= Basil Kobakhidze =

Former press secretary of the Georgian Orthodox Church
Archpriest Basil Kobakhidze (secular last name Kobakhidze, in Georgian ბასილ კობახიძე) is a former press secretary of the Georgian Orthodox Church (GOC).

Basil (Kobakhidze) was born in 1965. He was suspended in December 2004 for insulting and mocking at the Church and the priests. For example, he criticized Ilia II on repeated occasions (mainly for GOC's departure from ecumenical movement and putting Georgia "outside the united family of European Christianity").
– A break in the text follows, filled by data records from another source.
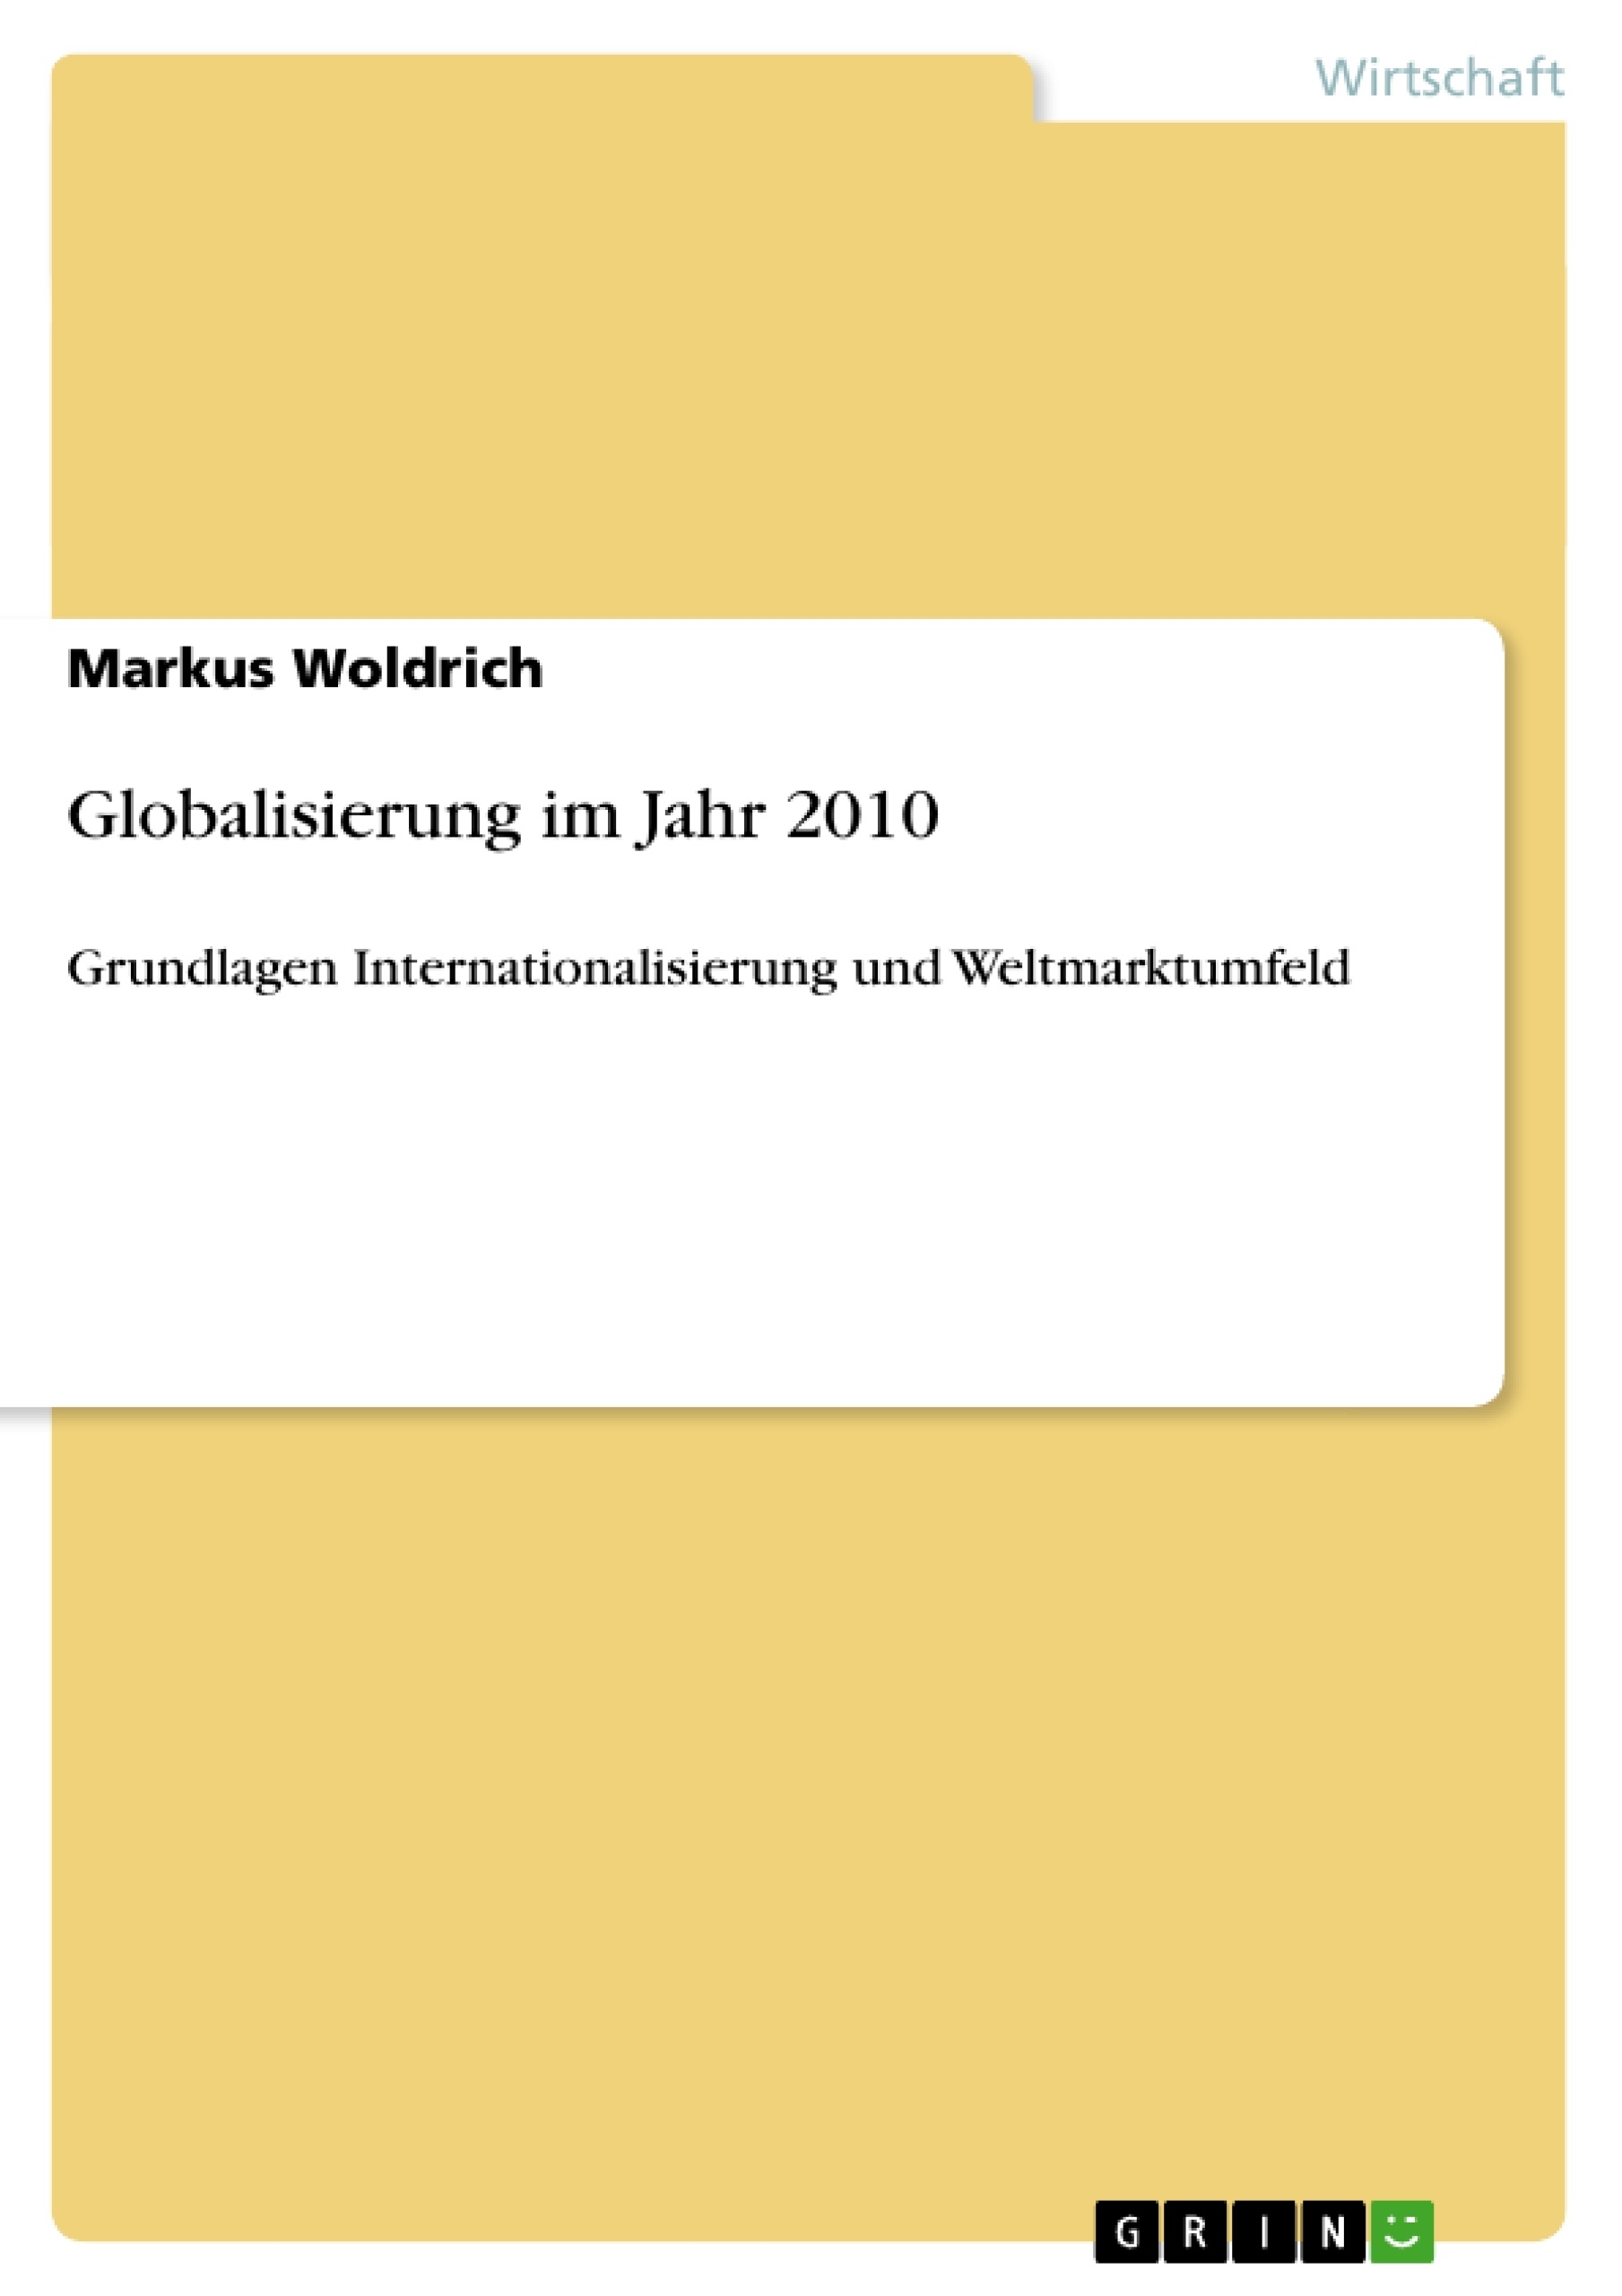 Title: Globalisierung im Jahr 2010
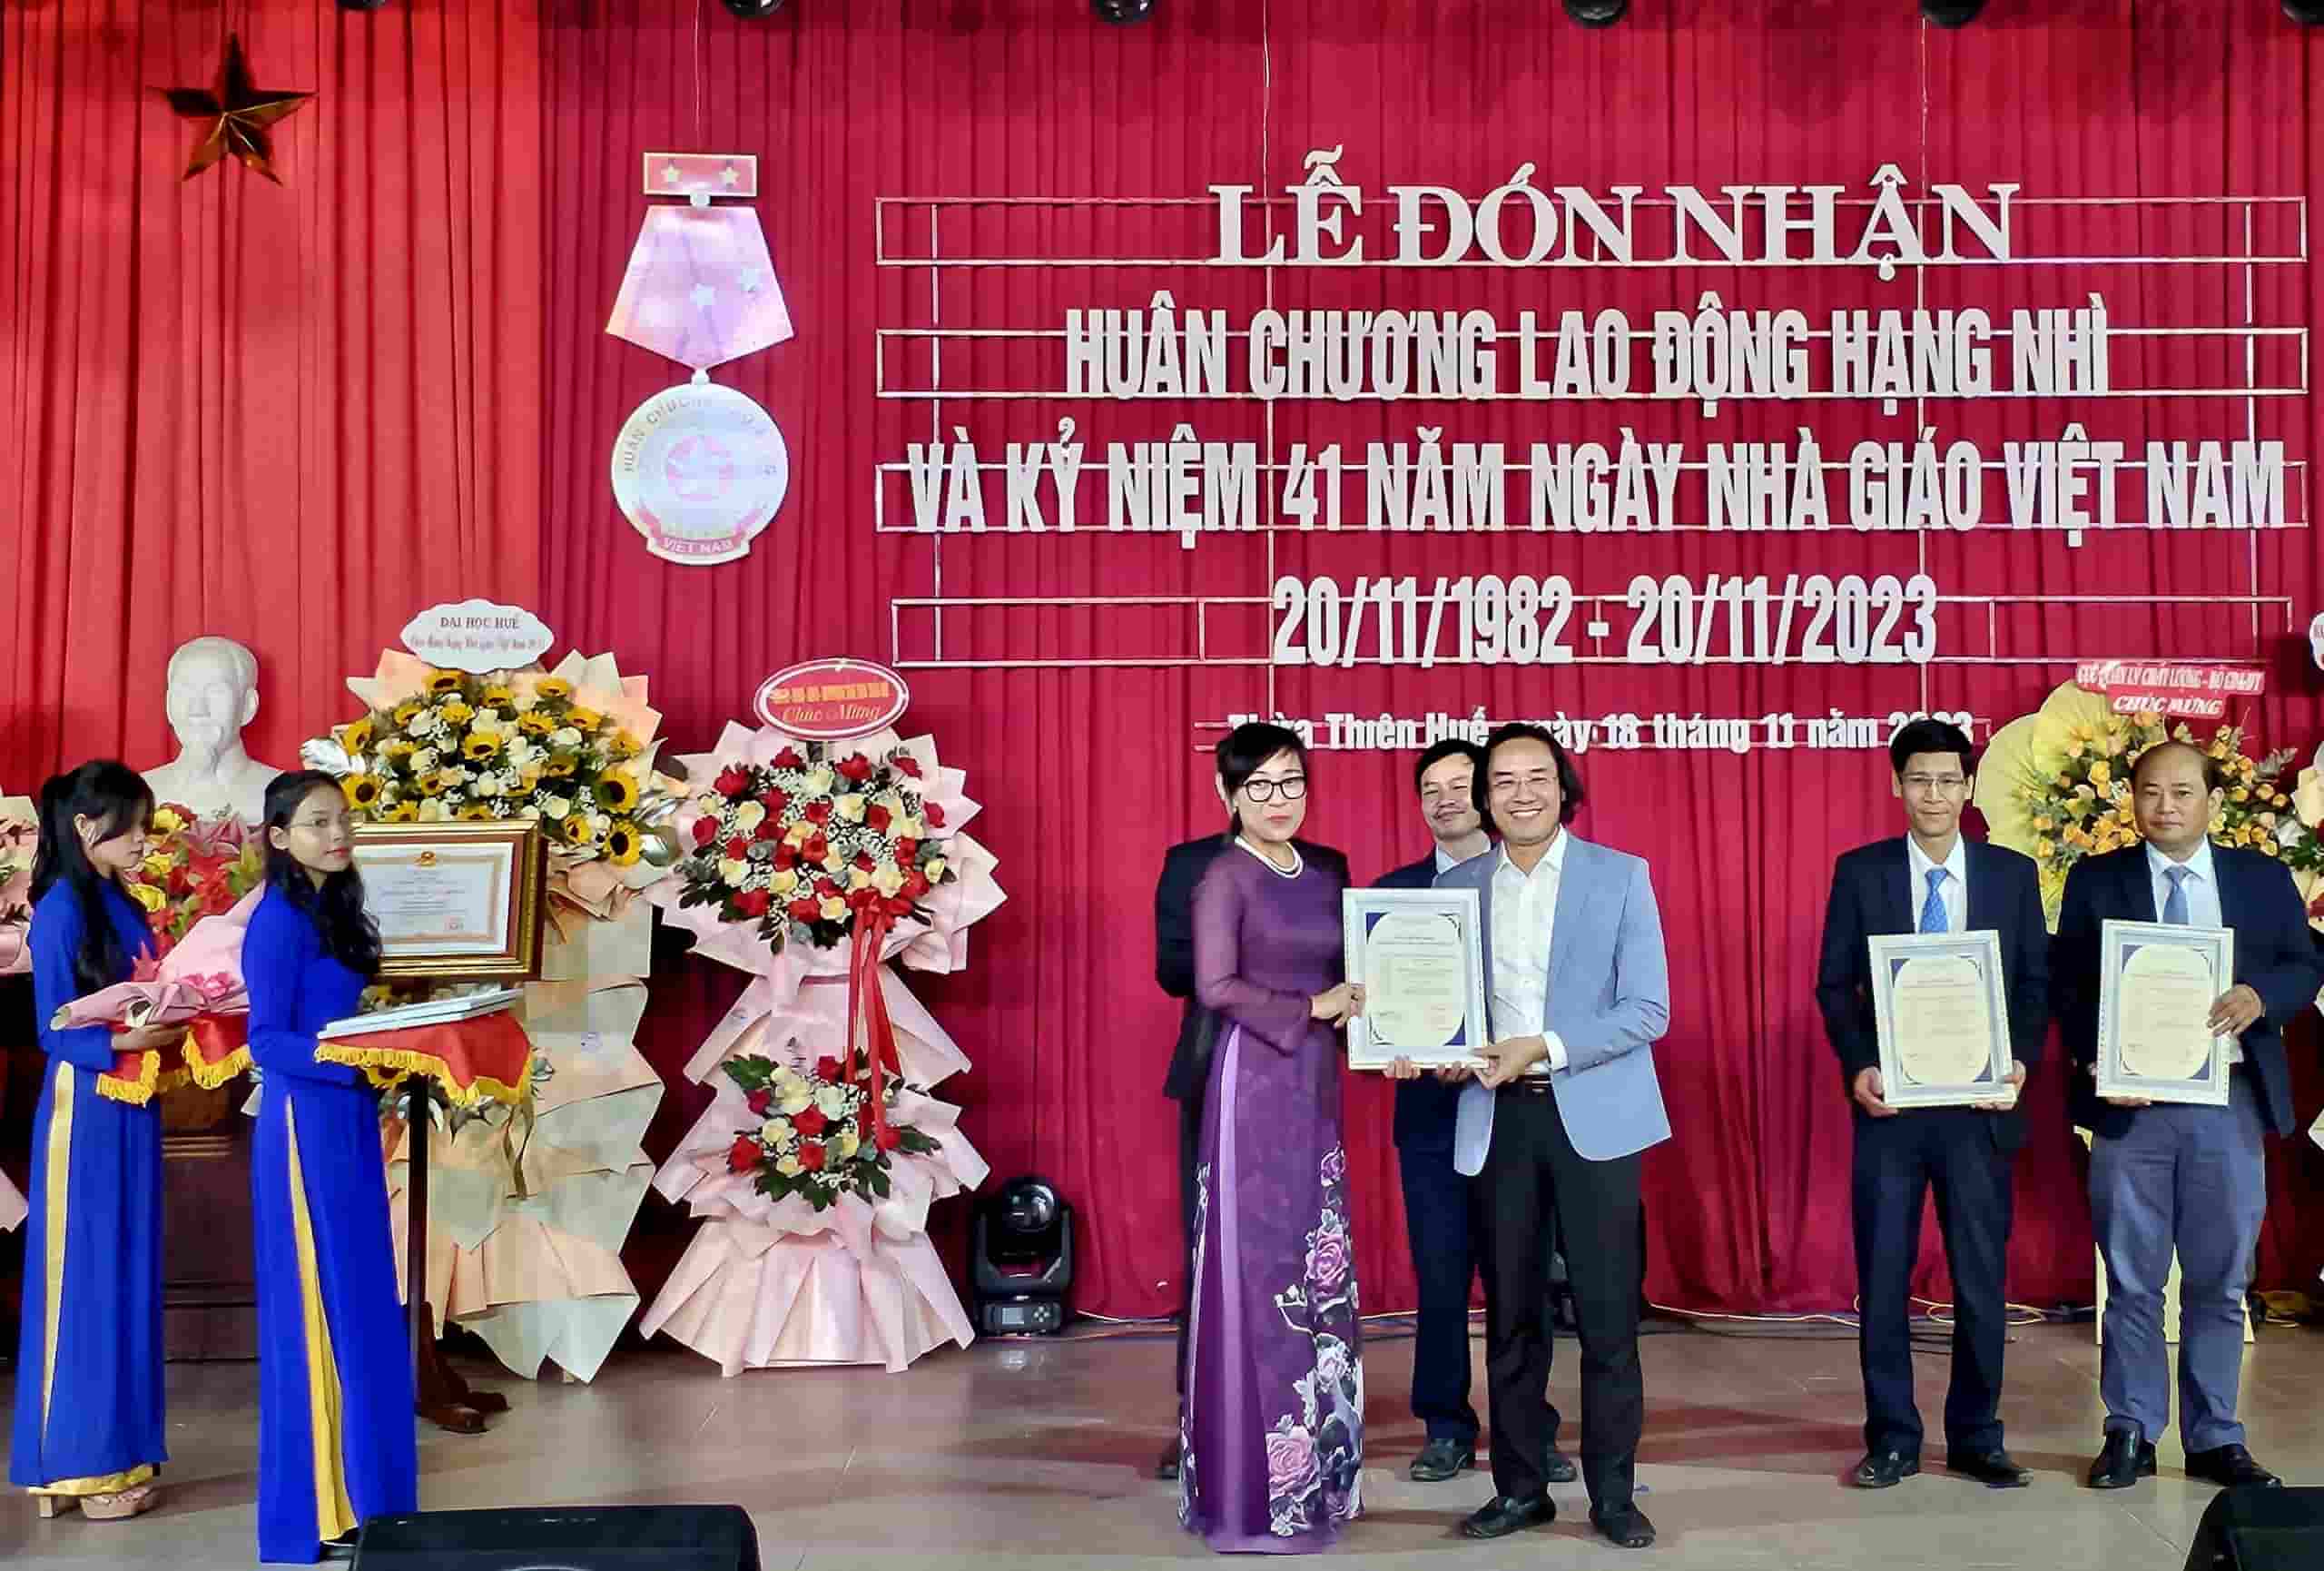 Bà Tạ Thị Thu Hiền - Giám đốc Trung tâm Kiểm định chất lượng giáo dục - ĐH Quốc gia Hà Nội trao chứng nhận đạt chuẩn cho các trưởng khoa nhà trường. Ảnh: Phúc Đạt.
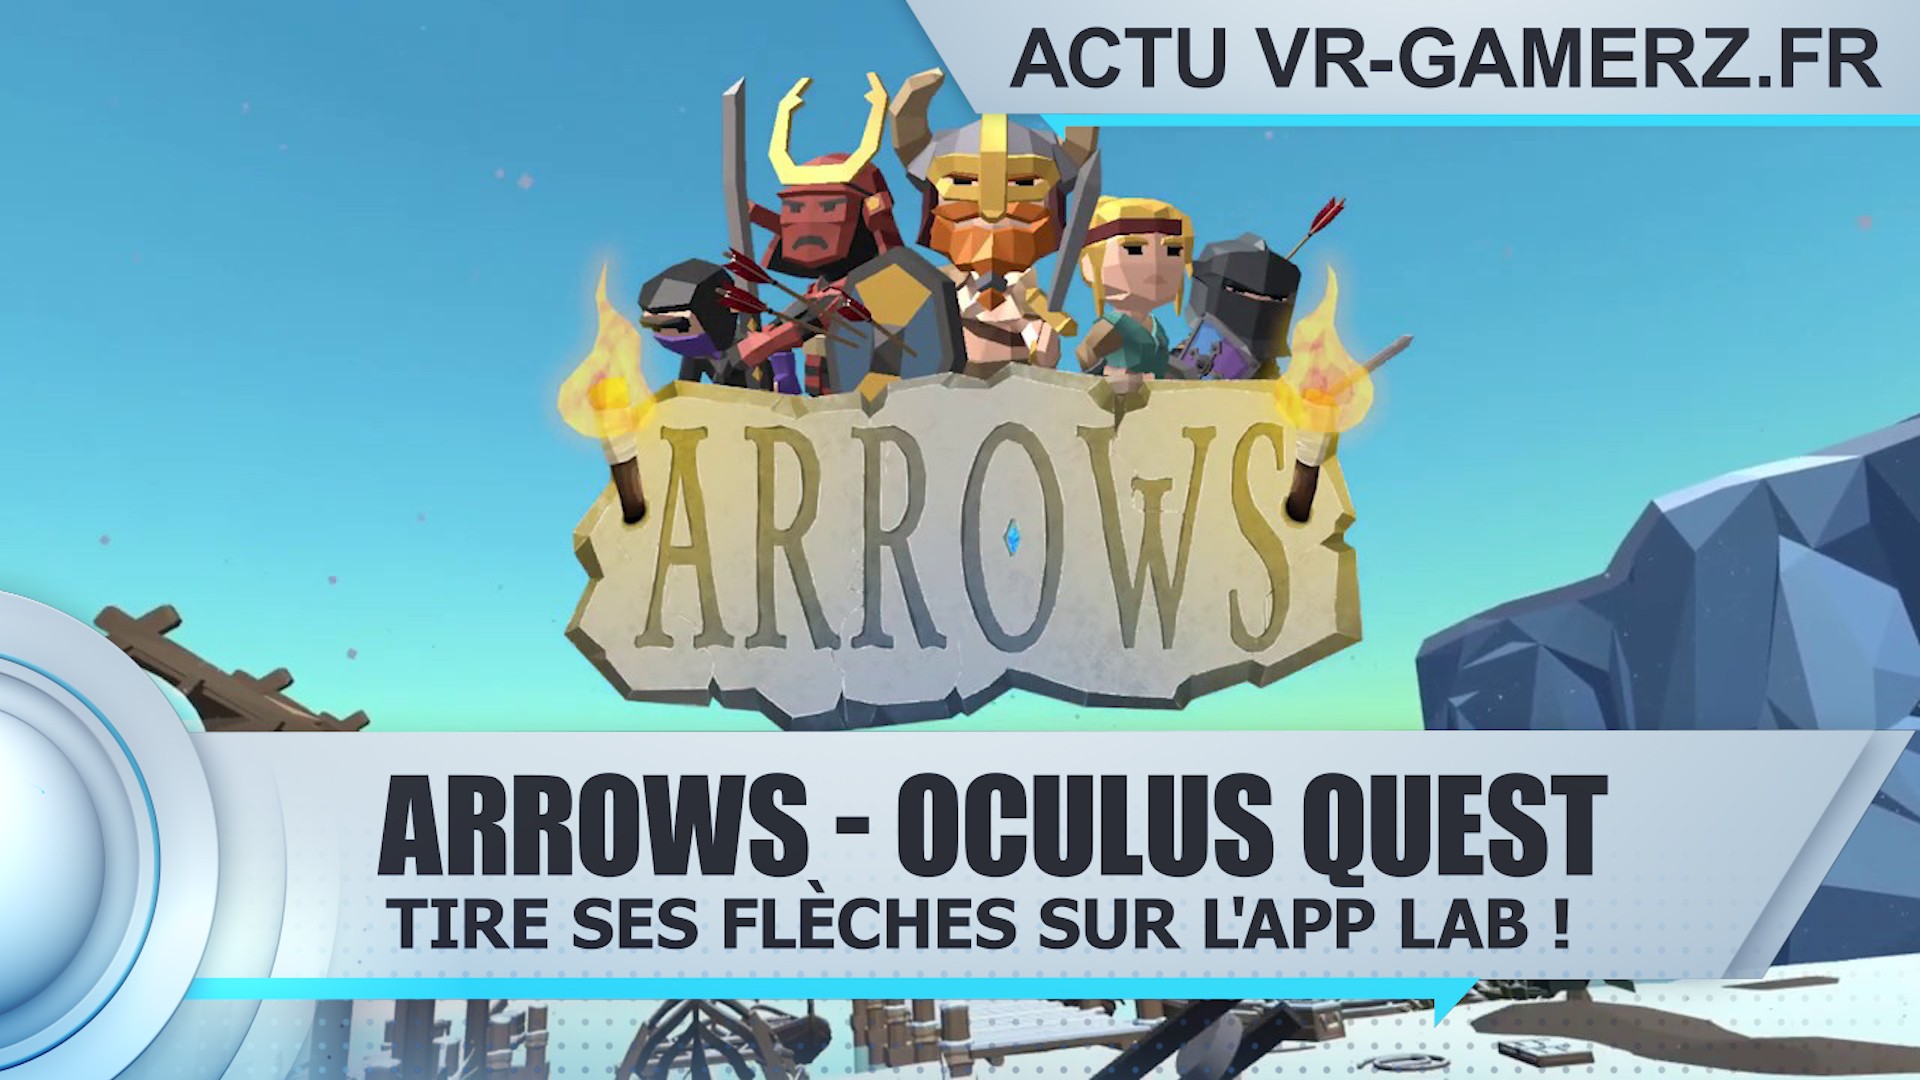 Arrows tire ses flèches sur l’App lab de l’Oculus quest !

In February 2005, Basil (Kobakhidze) was defrocked (according to him, of his own free will). Then he gave a lot of anti-Church interviews, expressed his support for the Ukrainian Greek Catholic Church, took part in protests against the president of Belarus Alexander Lukashenko etc. He also was an expert for the Center for Religious Studies, the website of which (http://religion.ge/) is now unavailable.

On 21 January 2006, Bishop Christopher (Tsamalaidze) and Archpriest Basil (Kobakhidze) participated in celebrations of the national Ukrainian holiday – the Day of Unity,– and concelebrated with the primate of the Ukrainian Orthodox Church – Kyivan Patriarchate Filaret (Denisenko).